I didn't say it schedules platform threads, but JVM has many other performance issues with its GC/object identity/lock monitoring model, which makes it harder choice for ultra-high performance apps, so virtual thread scheduling may improve your app perf by 5%, where other 95% stuck in other bottlenecks

> But why would you want to do that when, if you used virtual threads

because virtual threads are not supported in ecosystem well, and it will take another 10 years for it to catch up, before that most API/libs will use old concepts and you take large risks of fragmentation by introducing virtual threads to your app.

Also, you can avoid all switching with 20 years old ExecutorService, where you have exactly the same m:n mapping between tasks and machine threads.

ye-olde-sysrq|2 years ago

>I didn't say it schedules platform threads, but JVM has many other performance issues with its GC/object identity/lock monitoring model, which makes it harder choice for ultra-high performance apps, so virtual thread scheduling may improve your app perf by 5%, where other 95% stuck in other bottlenecks

Switching from async to virtual threads is typically not an improvement to performance in well-factored async code. The primary benefit is a clearer programming model that's significantly easier to get right and less code to implement while still the same performance.

>Also, you can avoid all switching with 20 years old ExecutorService, where you have exactly the same m:n mapping between tasks and machine threads.

You misunderstand the point of virtual threads. There is no need to pool them, as (most) executor service implementations do. And the whole point is that you no longer need to avoid blocking them, which pretty much every currently-existing solution will be doing. There's 0 benefit to switching without also updating your code to take advantage of the new paradigm.

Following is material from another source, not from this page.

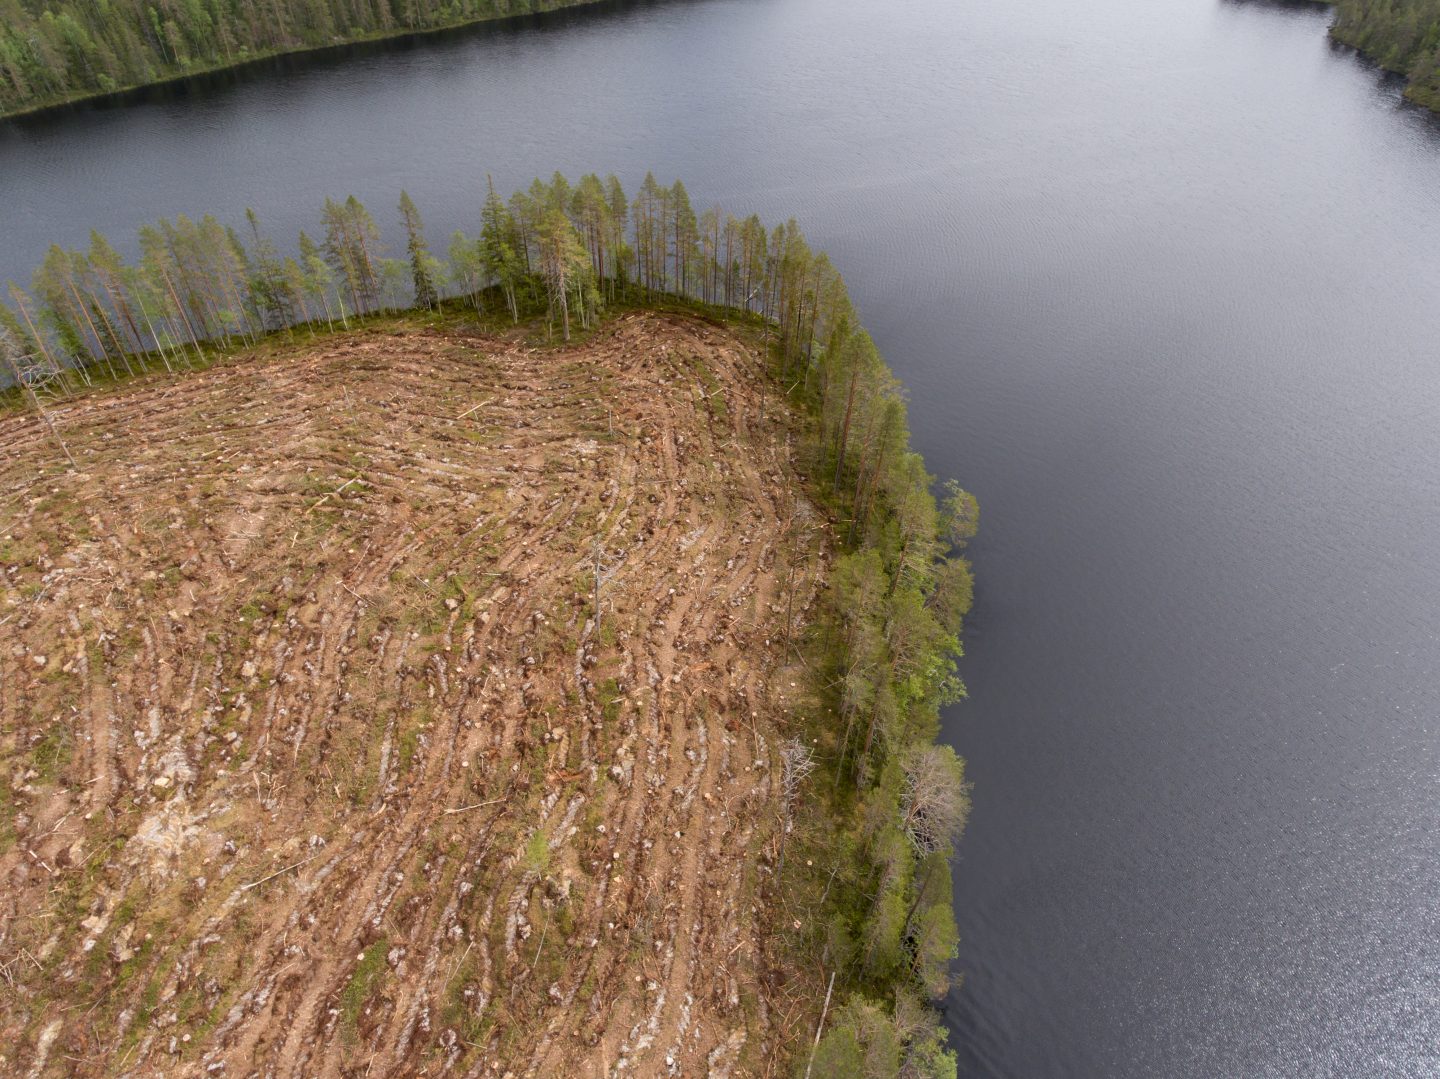 Metsähallituksen avohakkuu ulottuu aivan järven rantaan saakka. Kuvattu kesäkuussa Honkanen-järvellä. Kuva: Petri Sipilä / Greenpeace

>because virtual threads are not supported in ecosystem well, and it will take another 10 years for it to catch up, before that most API/libs will use old concepts and you take large risks of fragmentation by introducing virtual threads to your app.

What risks? The whole point of virtual threads vs async/await is that they don't color functions in the same way that async does.

Also, pretty much every notable framework already has support for virtual threads (Spring, jetty, helidon, and many others). The API has been the same for a couple years at this point.

kaba0|2 years ago

You can just swap a single line in your ExecutorService then for all the benefits.